A água pura livre de solutos e de superfícies de contato, sob pressão e temperatura

ambiente constantes apresenta uma energia livre adotada como a energia de referência

para o potencial hídrico. Essa energia pode ser alterada, ou seja, aumentar ou diminuir

em função da temperatura, da pressão e da interação das moléculas de água líquida com

sólidos e superfícies. A referência padrão conveniente adotada para a água pura sob

pressão e temperatura constantes é o zero de energia, ou seja, 0 Joule (0 J).

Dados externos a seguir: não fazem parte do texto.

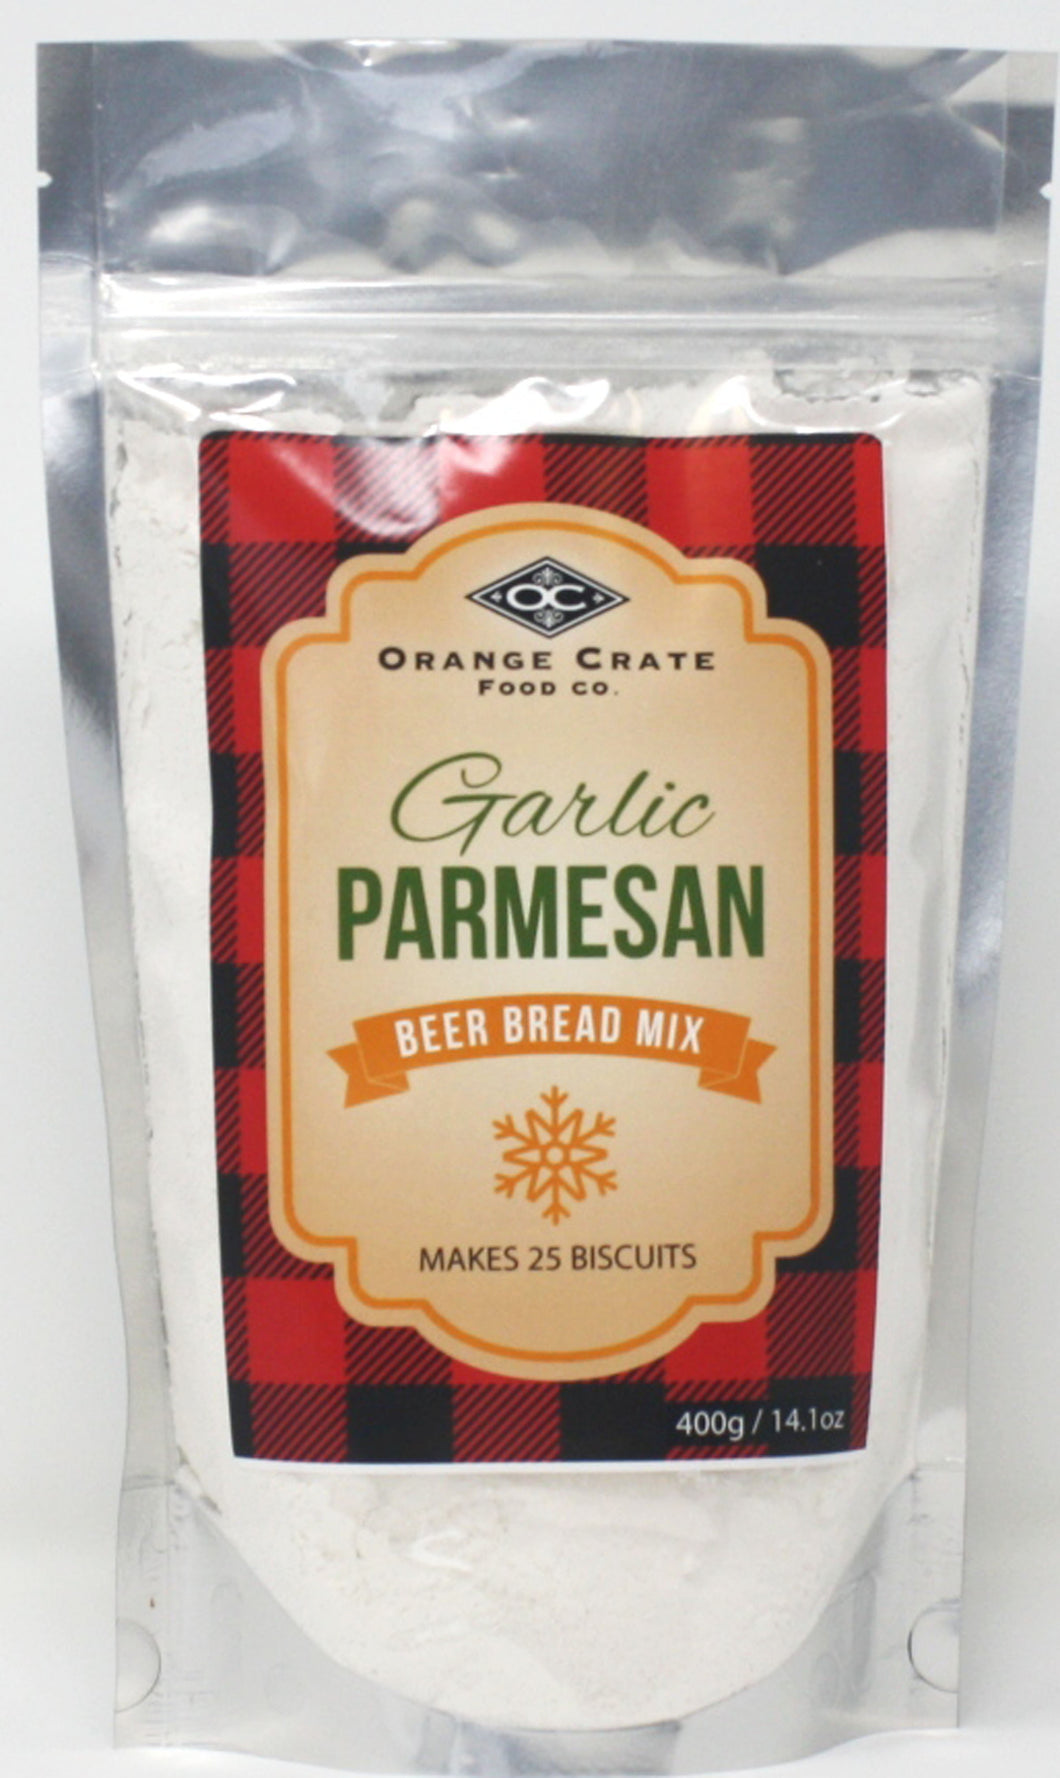 Garlic Parmesan Beer Bread

Qualquer mudança de temperatura, contato com superfícies molháveis ou

solvatação de moléculas capazes de interagir com a eletrosfera da água altera a energia

livre. Se considerarmos a energia livre da água pura (0 Joule) como referência, o

potencial hídrico pode ser alterado para valores menores que a referência, ou seja,

menores que zero (valores negativos). Quando a energia livre da água é alterada,

ocorrem mudanças na capacidade da água de realizar trabalho, seja um trabalho na

forma de solvatação (envolvendo fisicamente os solutos), na forma de energia cinética

(fluxo em massa de água dentro de um condutor) ou na forma de capacidade de adesão à

uma superfície (molhando uma superfície).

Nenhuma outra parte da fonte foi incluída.